DATA: Begin

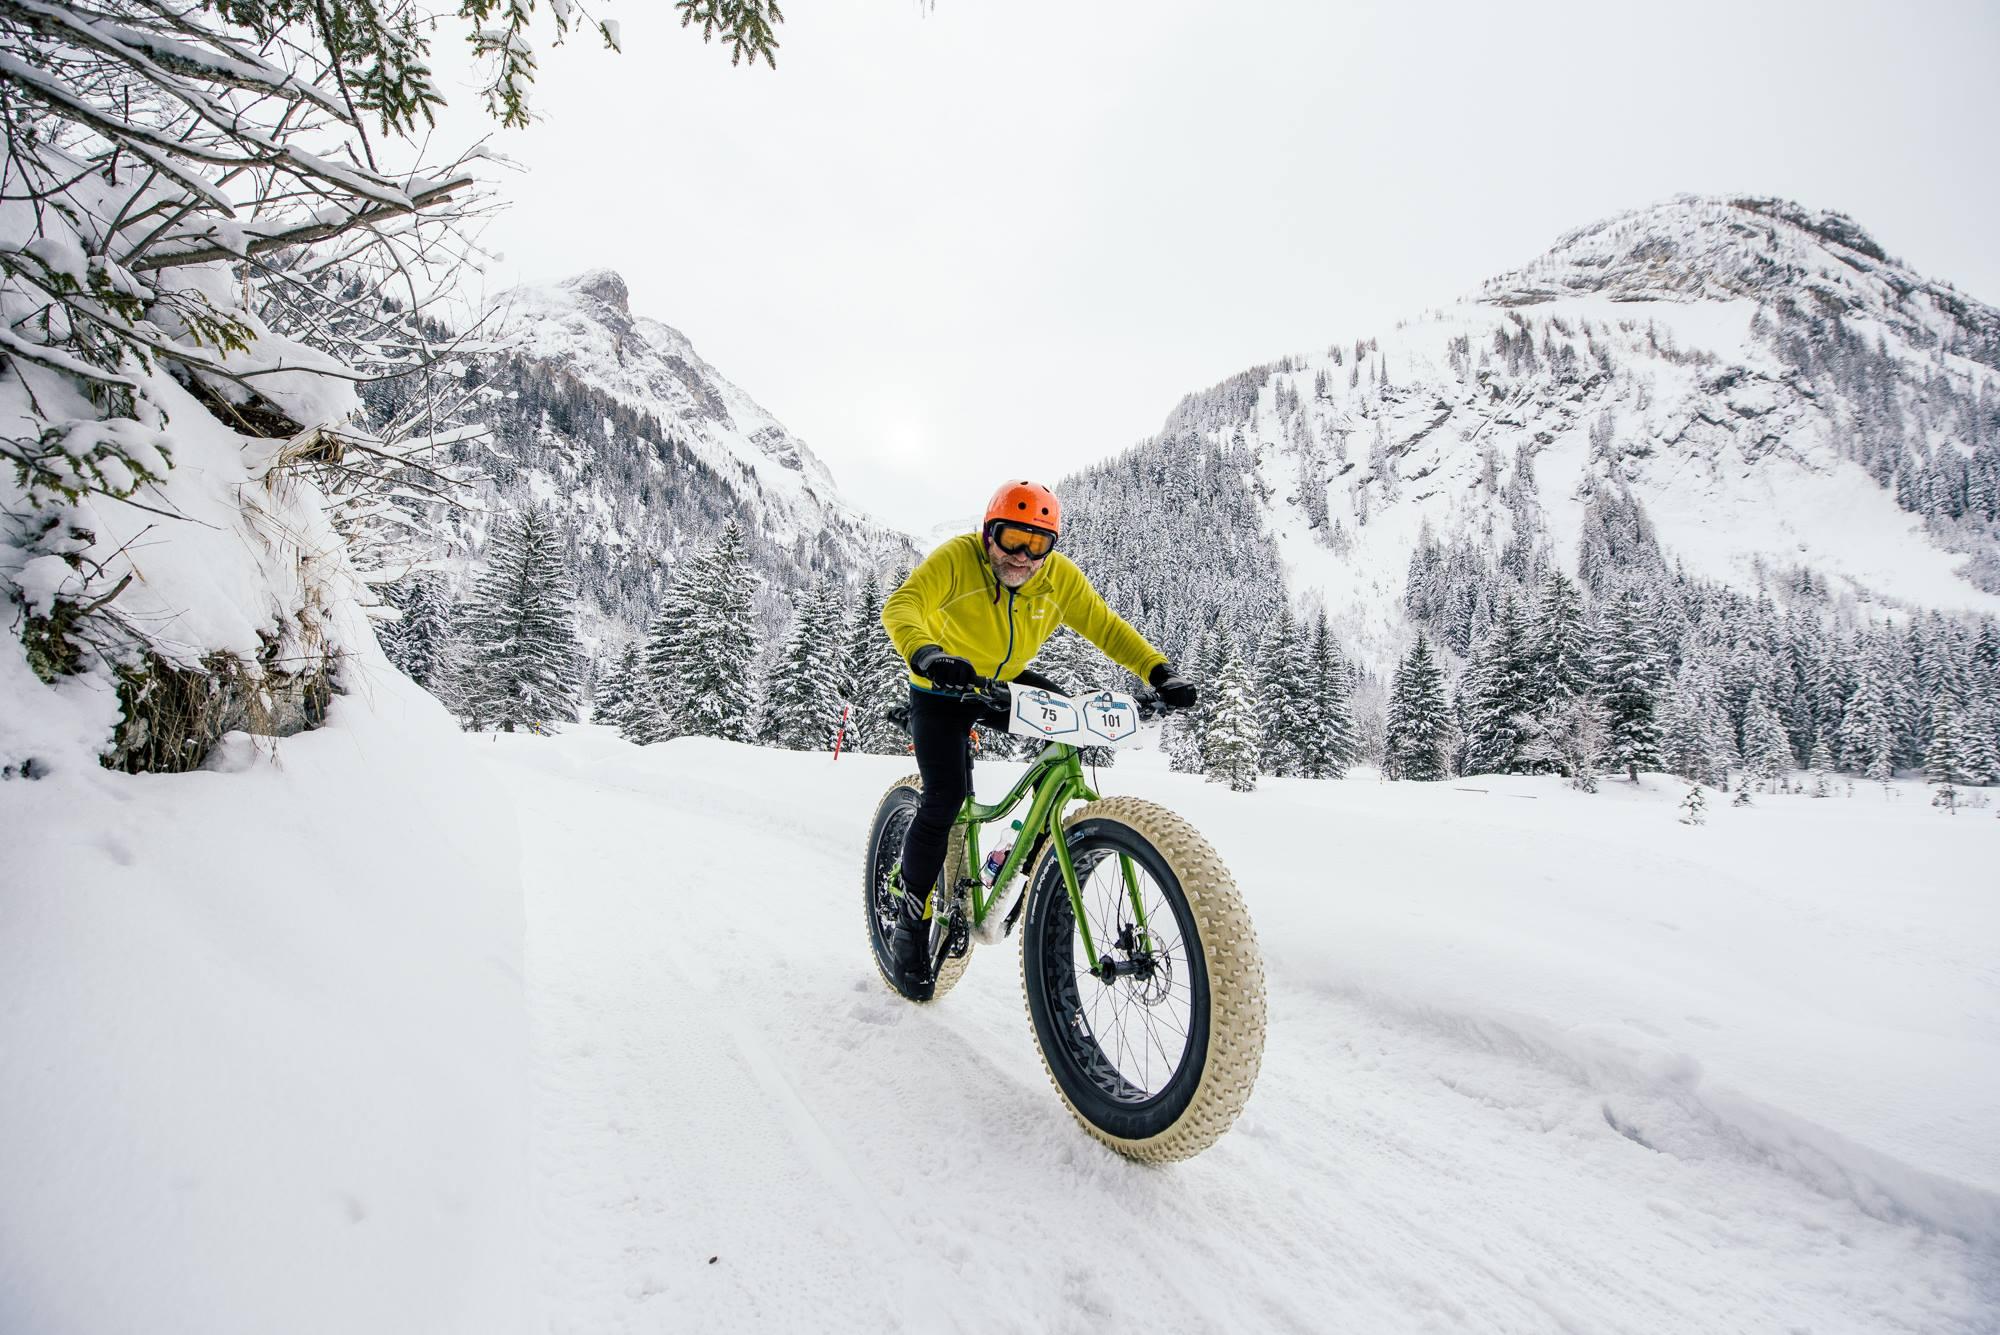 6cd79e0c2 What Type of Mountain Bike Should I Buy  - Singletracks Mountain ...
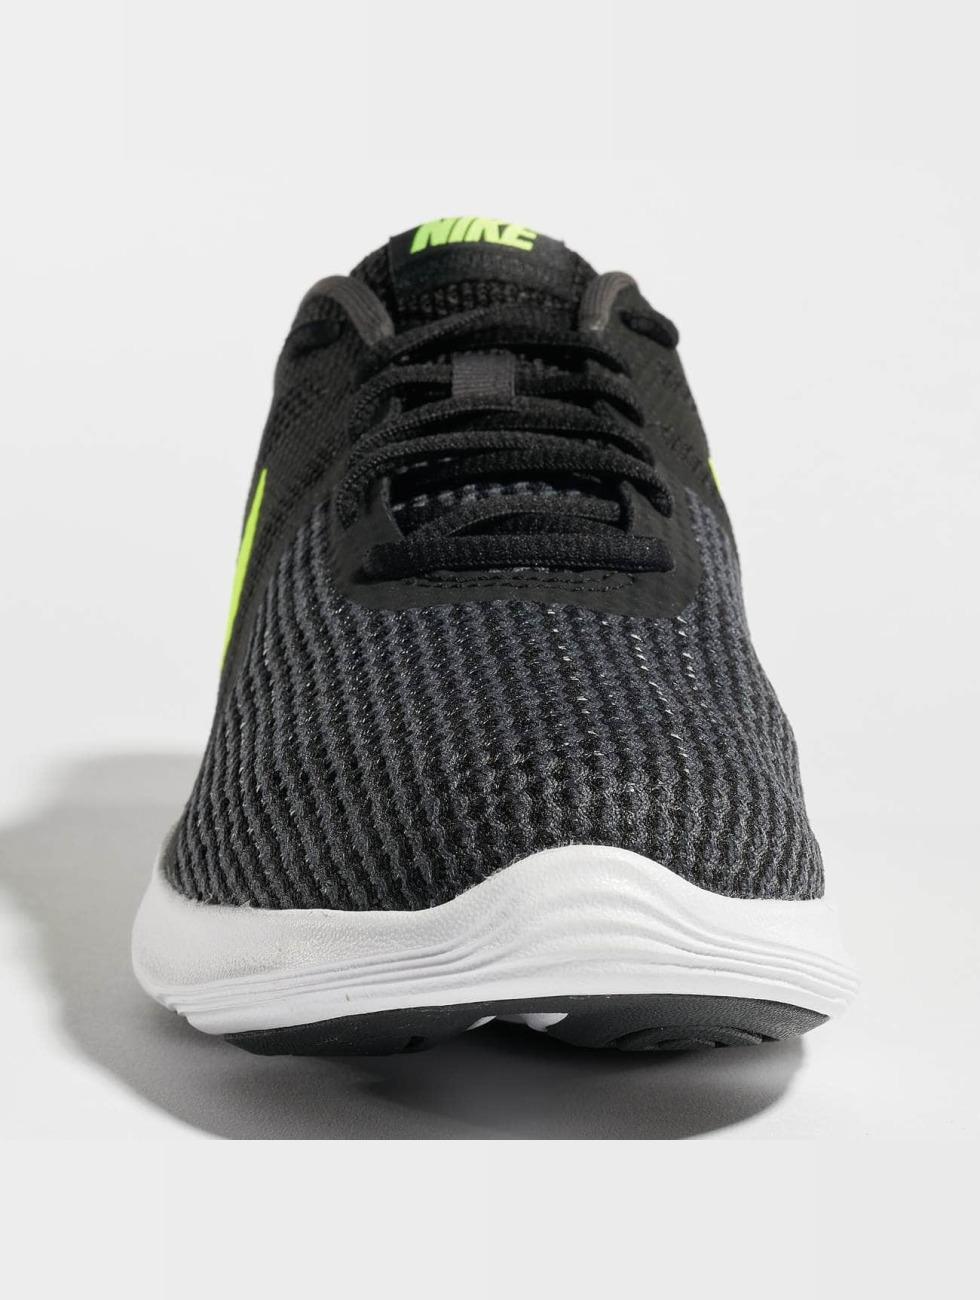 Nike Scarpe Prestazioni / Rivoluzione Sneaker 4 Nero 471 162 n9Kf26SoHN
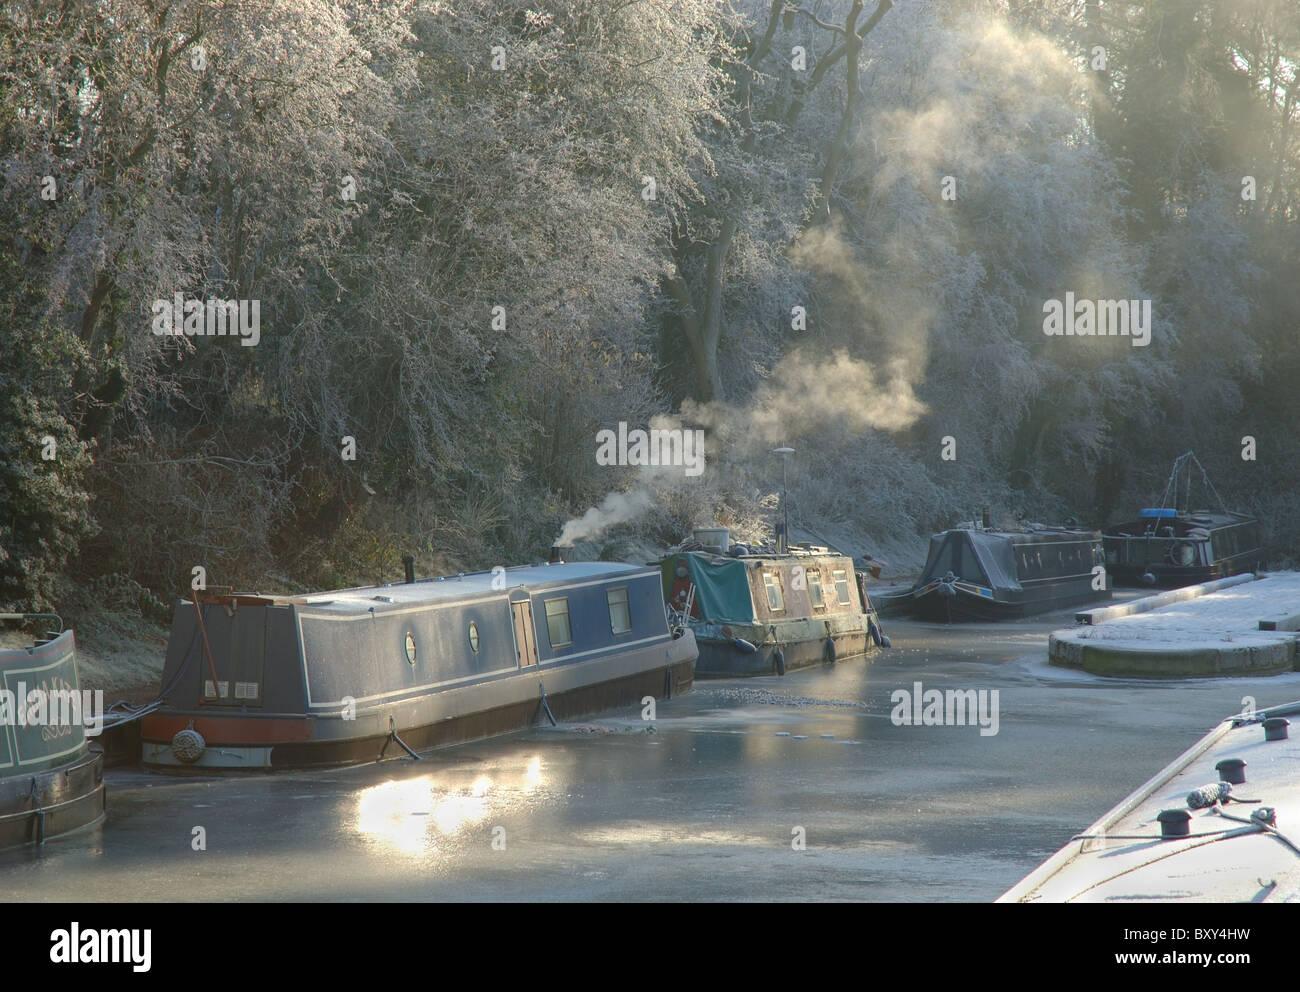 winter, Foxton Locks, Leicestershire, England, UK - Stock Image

DATA: End

Nothing but the lines from the one containing "Nike Scarpe Prestazioni" through the end of the listing should be printed, each exactly as it appears and without pictures.

 Nike Scarpe Prestazioni / Rivoluzione Sneaker 4 Nero 471 162 n9Kf26SoHN
 winter, Foxton Locks, Leicestershire, England, UK - Stock Image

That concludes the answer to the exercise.